Quand elle a su que le premier numéro « papier » d’1 Epok traitait du thème de la révolution  – sous diverses facettes -, la photographe Sylvie Becquet m’a dit : « Il faut que tu rencontres mon fils, Boris. » Elle avait raison… Il était le garçon idéal pour un teasing sur la révolution. Le rendez-vous a eu lieu au Select, à Montparnasse. Boris Wolkoff, étudiant en master à HEC, est arrivé avec un grand sac en carton rempli d’archives familiales…

« Je viens d’une famille de Russes blancs. Mon arrière-grand-père paternel était un officier du Tsar. Quant à mon arrière-grand-mère, elle était issue, elle aussi, de la noblesse russe. En 1921, révolution oblige, les deux familles ont émigré vers la France et l’Argentine. Mon grand-père paternel est arrivé en France à l’âge de 11 ans : il vivait assis sur ses valises, dans l’attente de repartir un jour en Russie… La Révolution russe a été un grand traumatisme dans ma famille. On ne racontait rien. Mon père en a plus appris dans les livres d’histoire que de la bouche de ses parents et grands-parents.

Je suis né le 30 mars 1992 à Paris. Mon prénom, c’est ma mère qui l’a choisi, car elle était sensible à l’opéra Boris Godounov.
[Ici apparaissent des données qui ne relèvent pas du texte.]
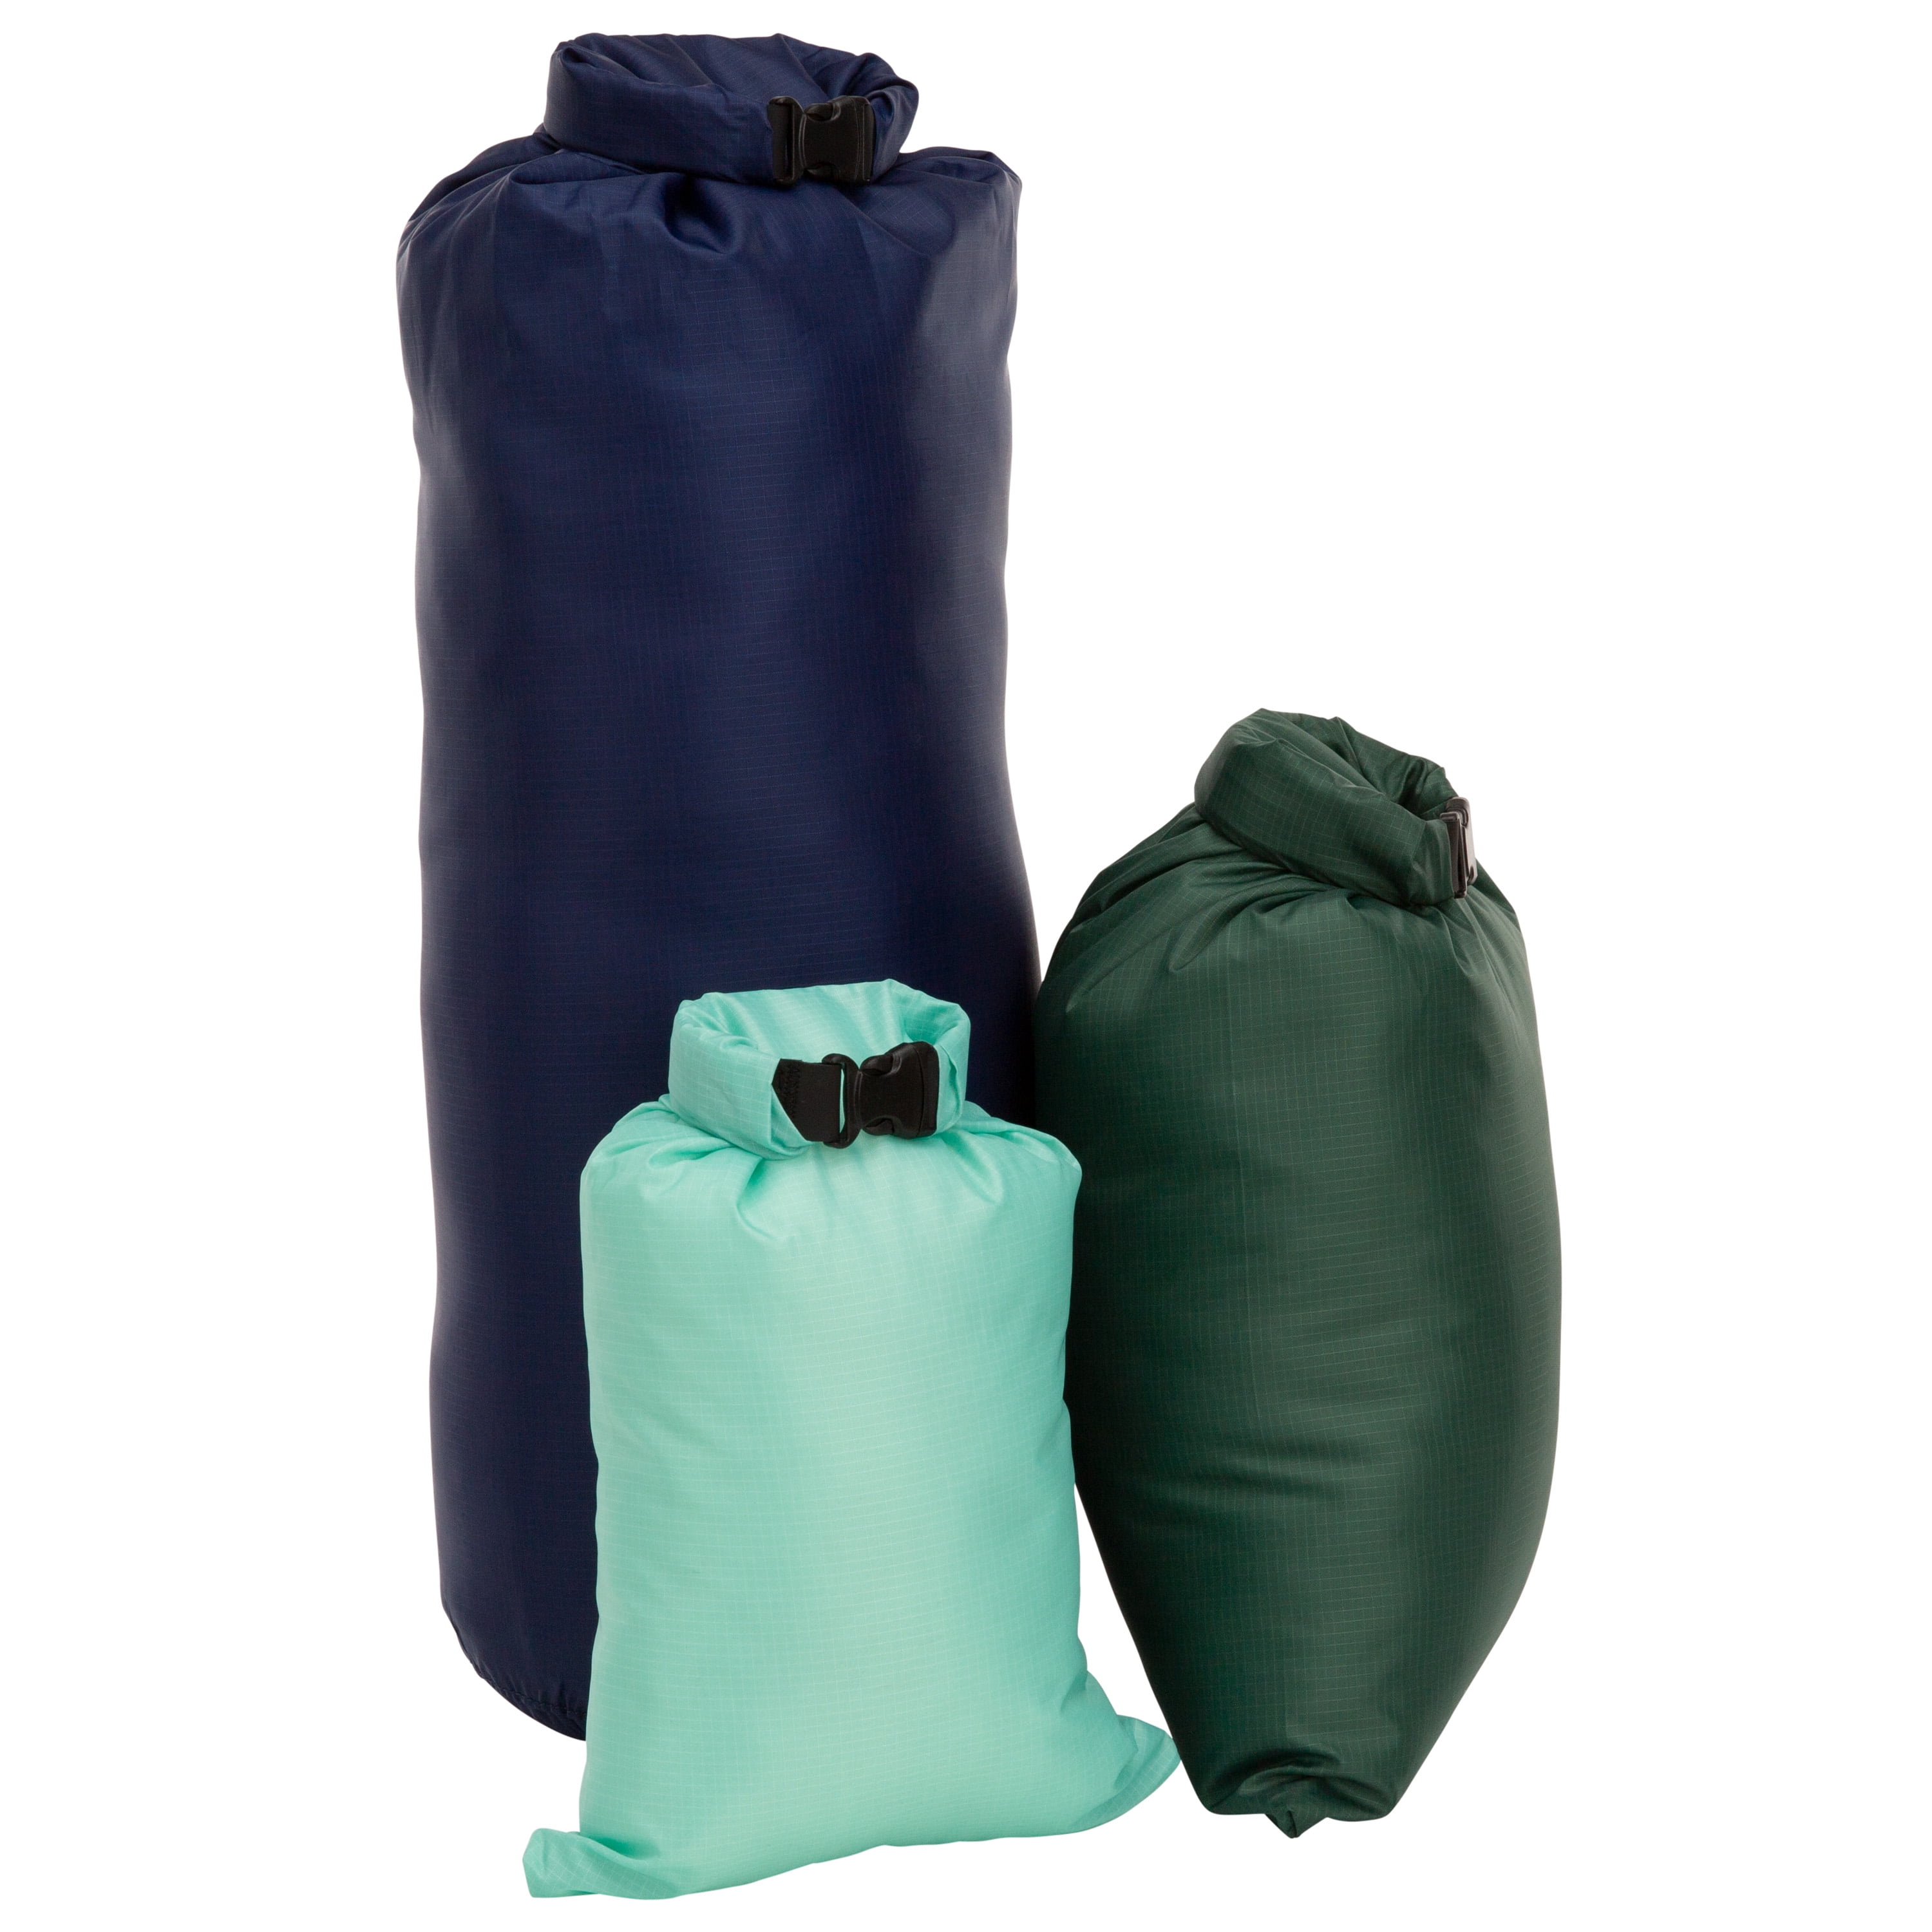 TrailGear Heavy Duty Waterproof Dry Bags

Mais, Boris Wolkoff – les Russes l’écrivent Volkov -, c’est aussi le nom de mon arrière-grand-père… J’ai fait ma scolarité parisienne à Saint-Jean-de-Passy. Au collège, on m’avait surnommé Camarade Boris : pas banal pour un Russe blanc.

Peintre équestre, testament et voyage initiatique

Dès l’école primaire, je me suis passionné pour l’histoire. Ça a commencé avec Napoléon. Puis, je suis tombé sur la Révolution russe. Je n’en ai pas parlé tout de suite avec mes grands-parents. Quant à mon père, il faisait un rejet absolu de cette période. Mais je pense qu’il était content que je m’informe sur ce passé. Ce qui a servi de déclic pour partir faire un voyage en Russie ? Un livre consacré au peintre équestre Nicolas Swertschkoff, offert par ma marraine le jour de mes 17 ans. Et pour cause : en ouvrant l’ouvrage au hasard des pages, je suis tombé sur un tableau représentant mon arrière-grand-père sur un cheval. C’était incroyable. Et ce d’autant que ce portrait est accroché au Musée de la Cavalerie à Moscou. A cela s’ajoute un testament que nous avons découvert, suite au décès d’une tante, selon lequel ma famille possédait des  biens immobiliers à Saint-Pétersbourg… Il fallait partir voir tout ça.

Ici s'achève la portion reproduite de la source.